__Data for analysis__
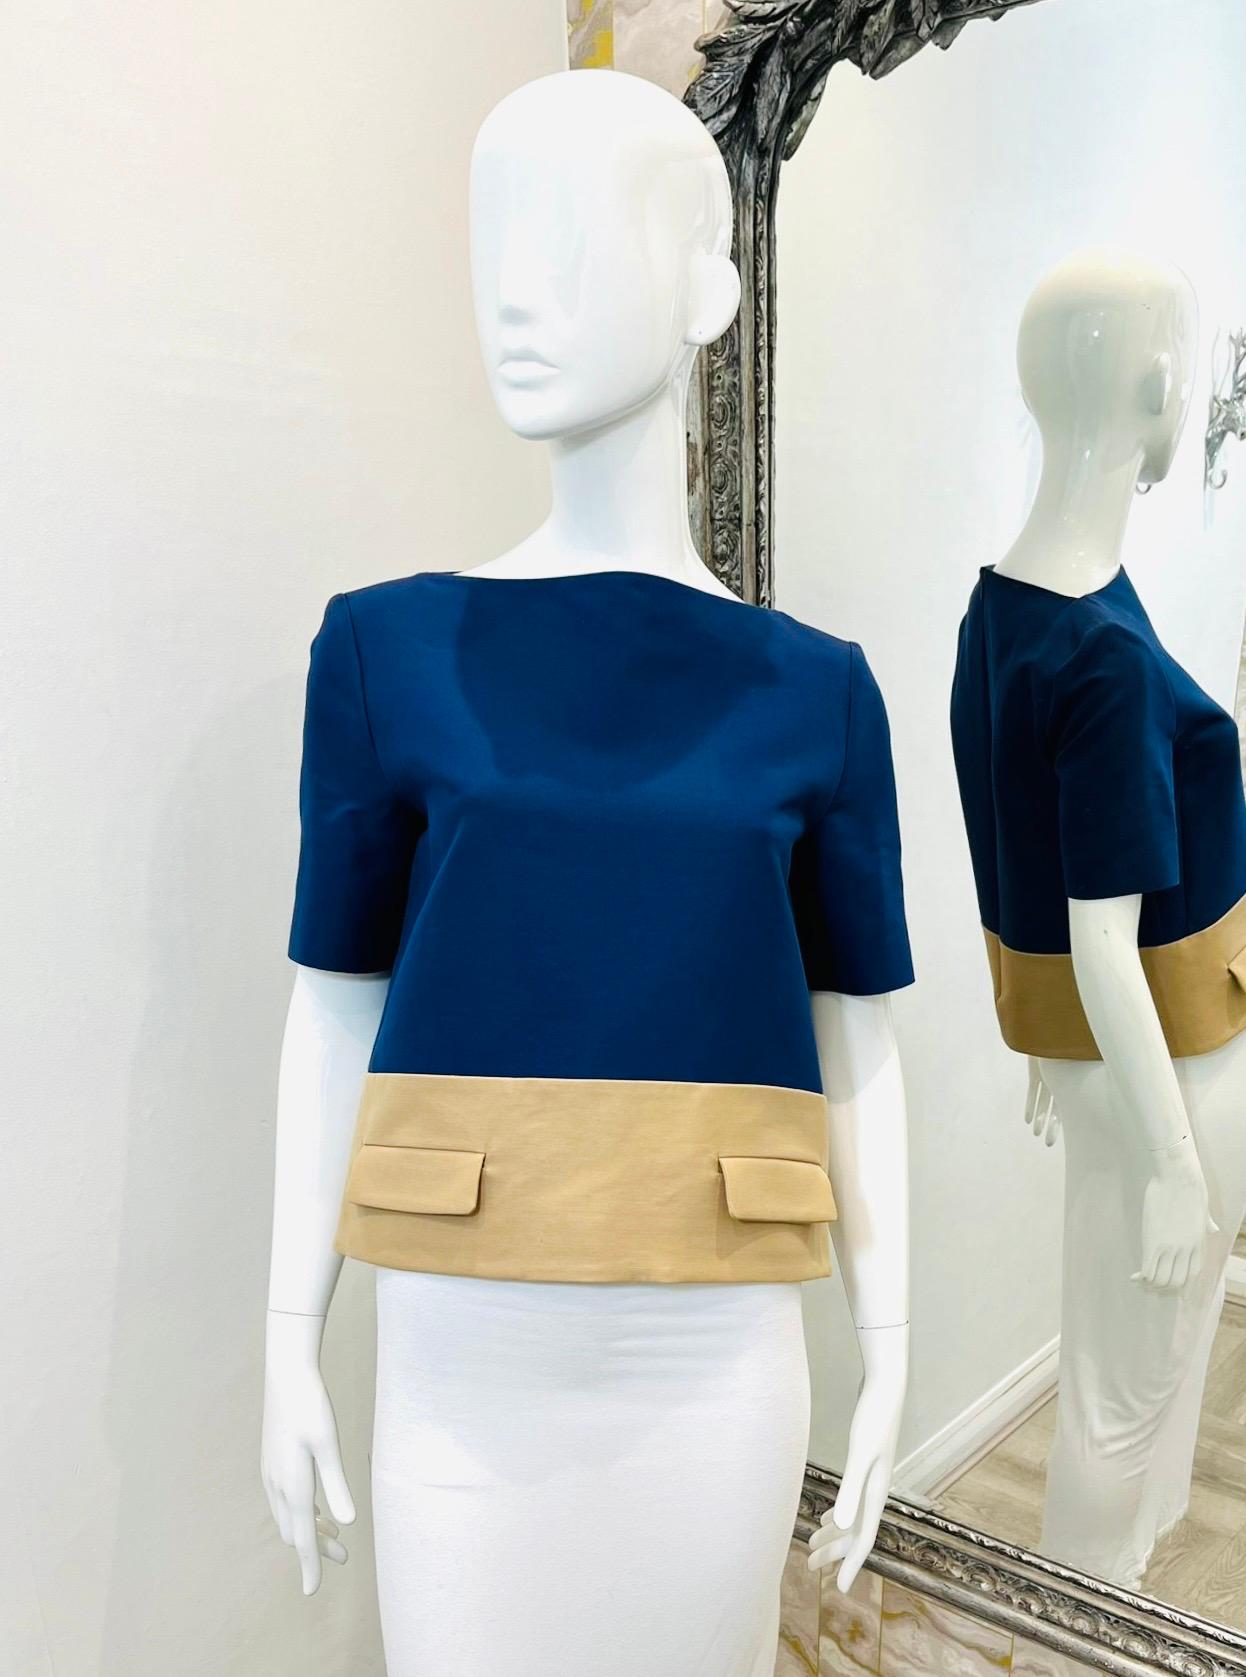 Marni Colour Block Cotton Top

Short sleeved top designed with colour block pattern in navy and beige.

Featuring boat neckline, concealed zip closure to rear and two faux flap pockets to the front.

Size – 40IT

Condition – Very Good

Composition –

__Work order__
Please give back the material above exactly as written, pictures omitted.

__Answer space__
 Marni Colour Block Cotton Top

Short sleeved top designed with colour block pattern in navy and beige.

Featuring boat neckline, concealed zip closure to rear and two faux flap pockets to the front.

Size – 40IT

Condition – Very Good

Composition –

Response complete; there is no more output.